Your instructions
Pictures aside, repeat the listing below exactly.

Data segment

____________

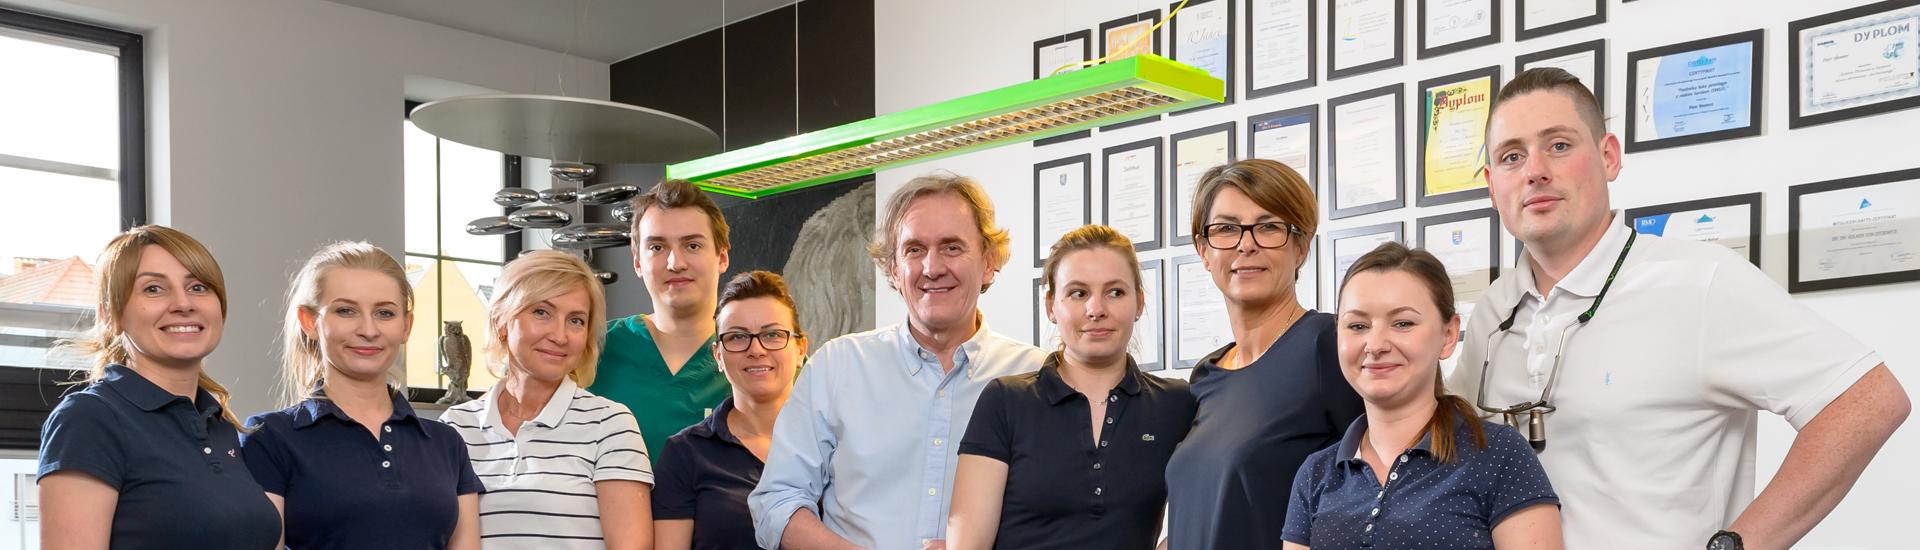 Das Team der Zahnklinik Stettin
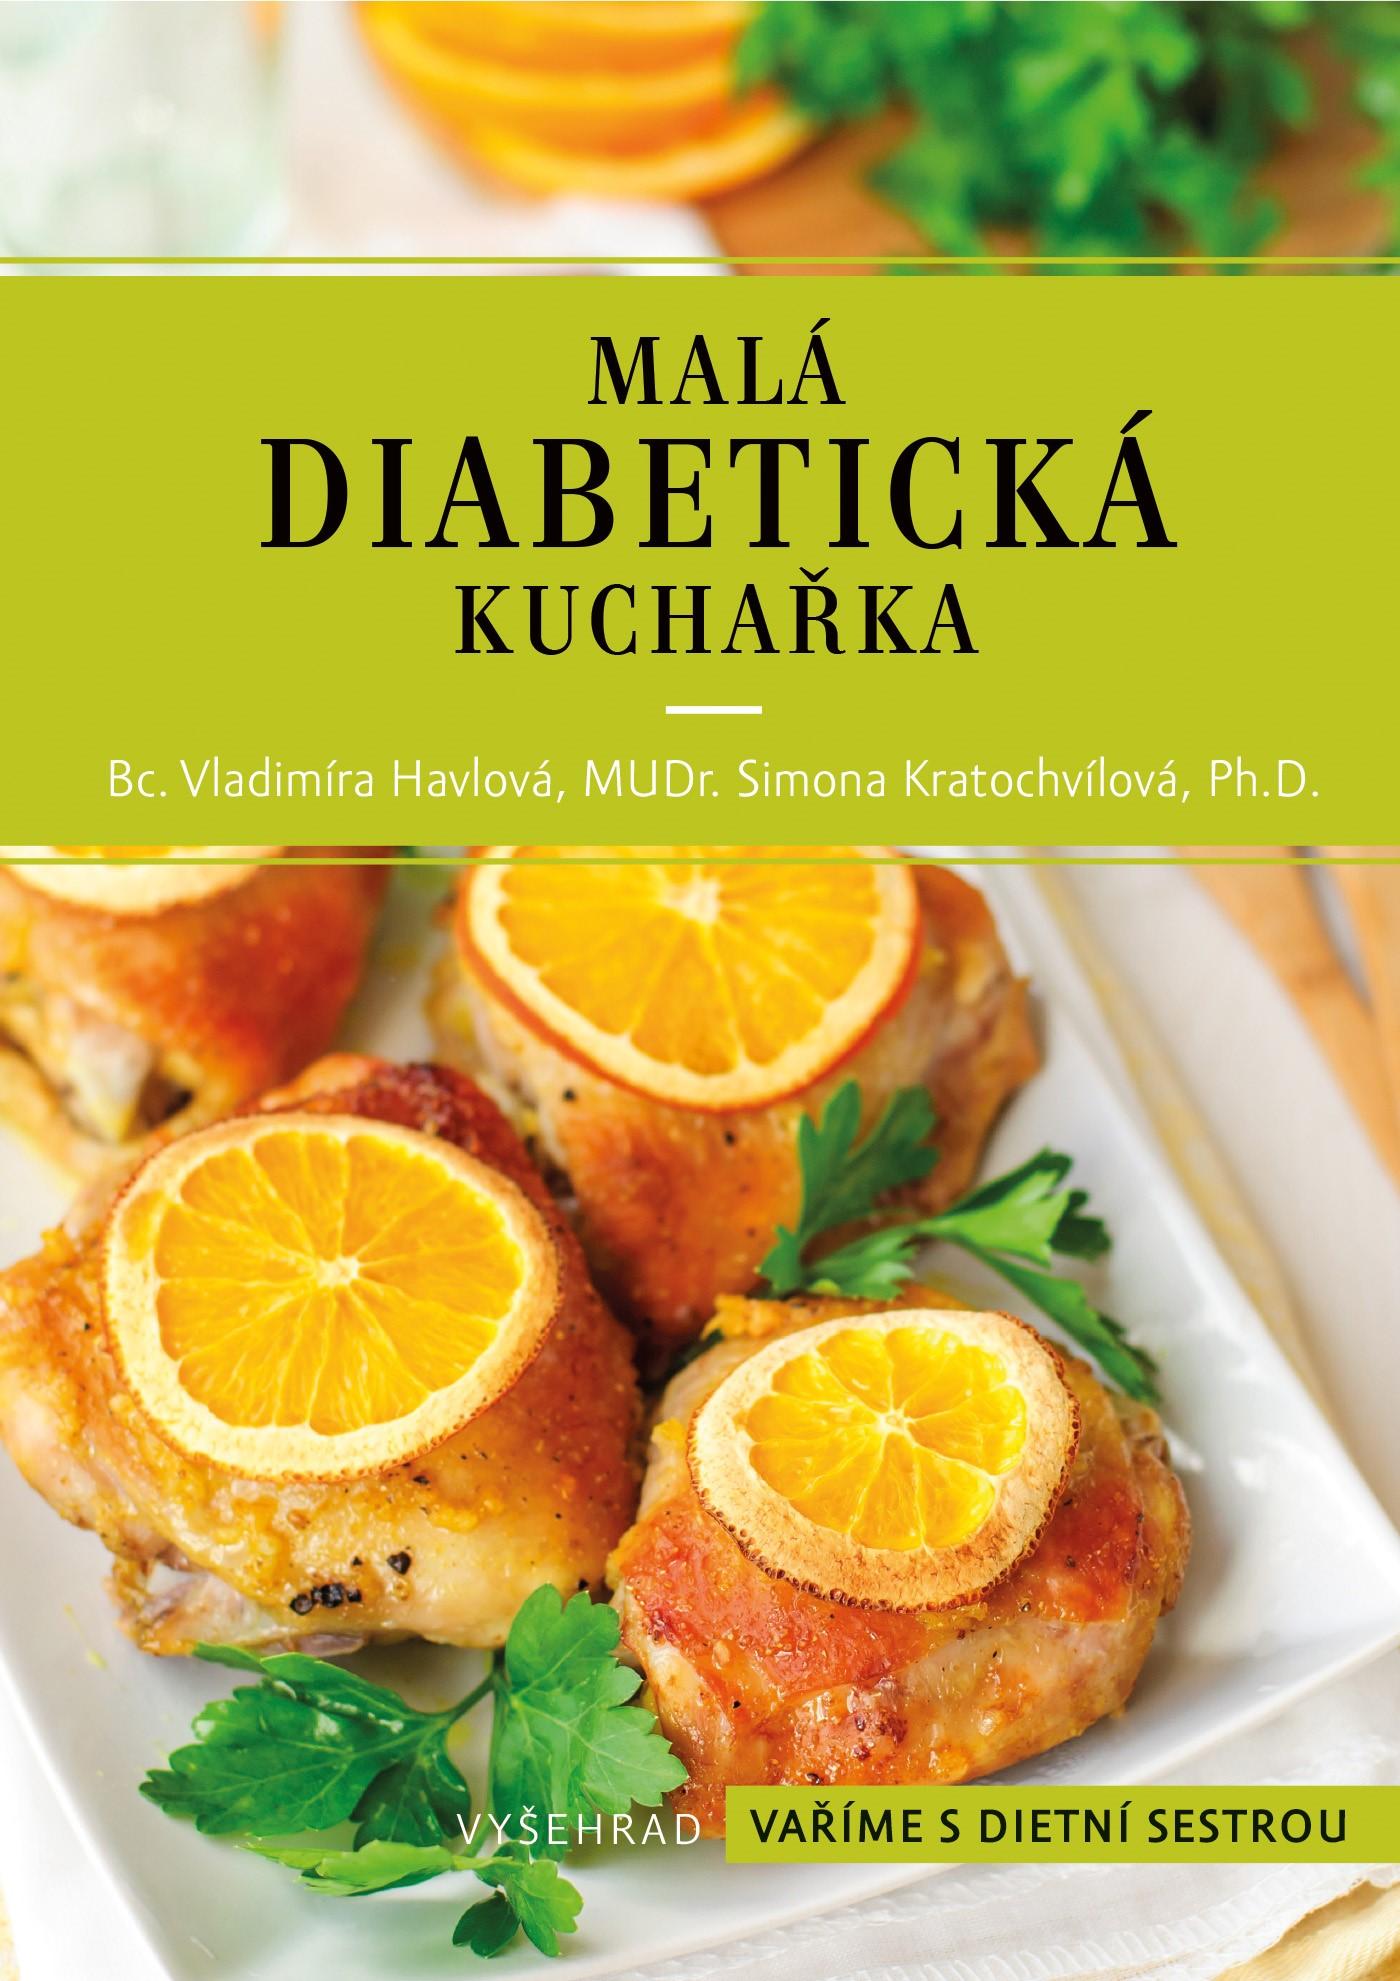 Albatros Media Malá diabetická kuchařka - Vladimíra Havlová, Simona Kratochvílová
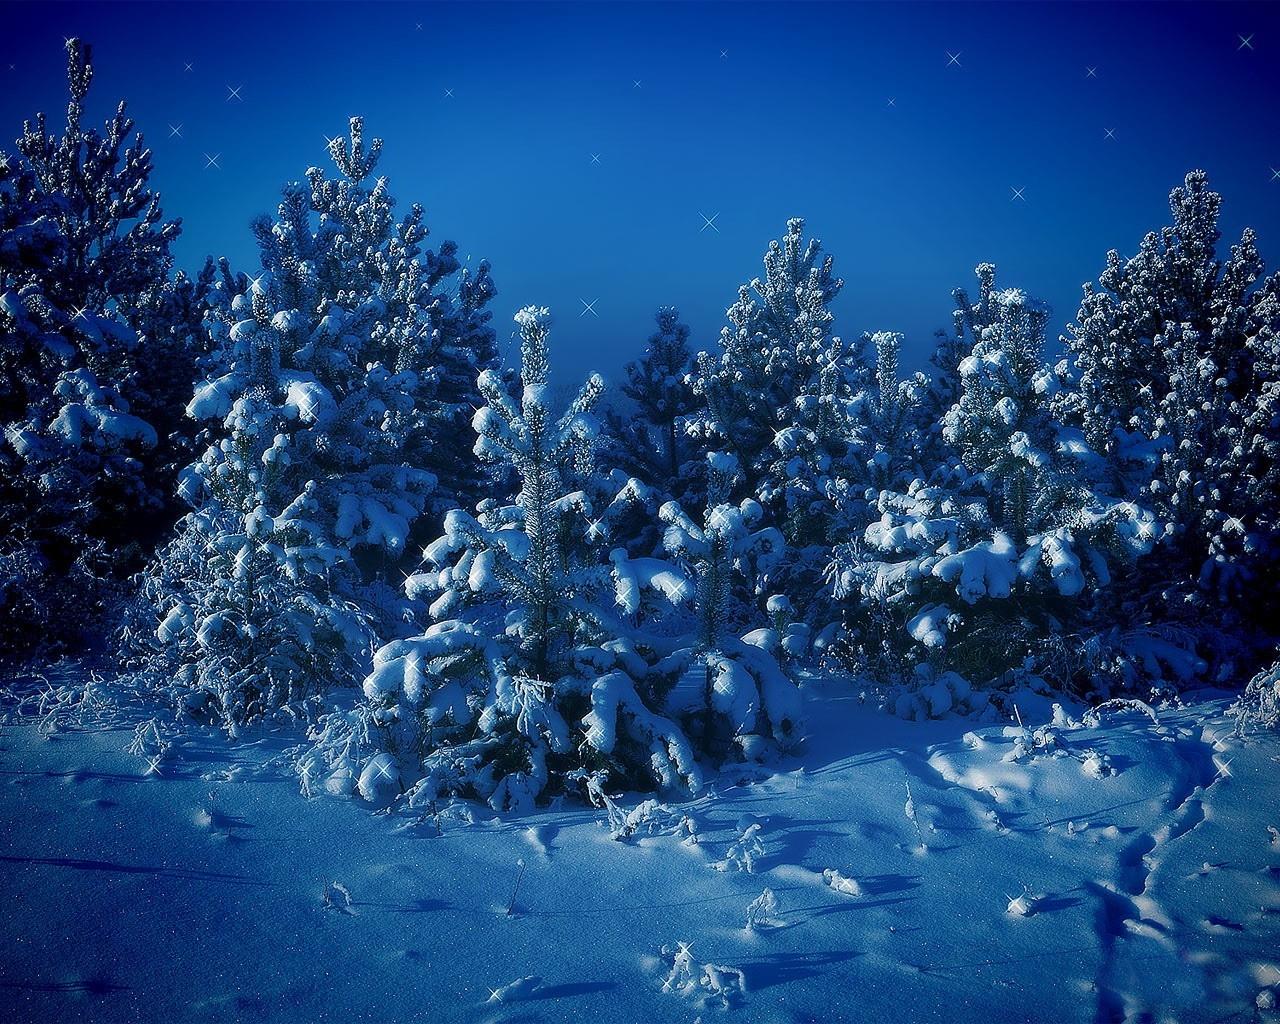 изображением фото сказочный лес под новый год всего, это

____________

Reply
 Das Team der Zahnklinik Stettin
 Albatros Media Malá diabetická kuchařka - Vladimíra Havlová, Simona Kratochvílová
 изображением фото сказочный лес под новый год всего, это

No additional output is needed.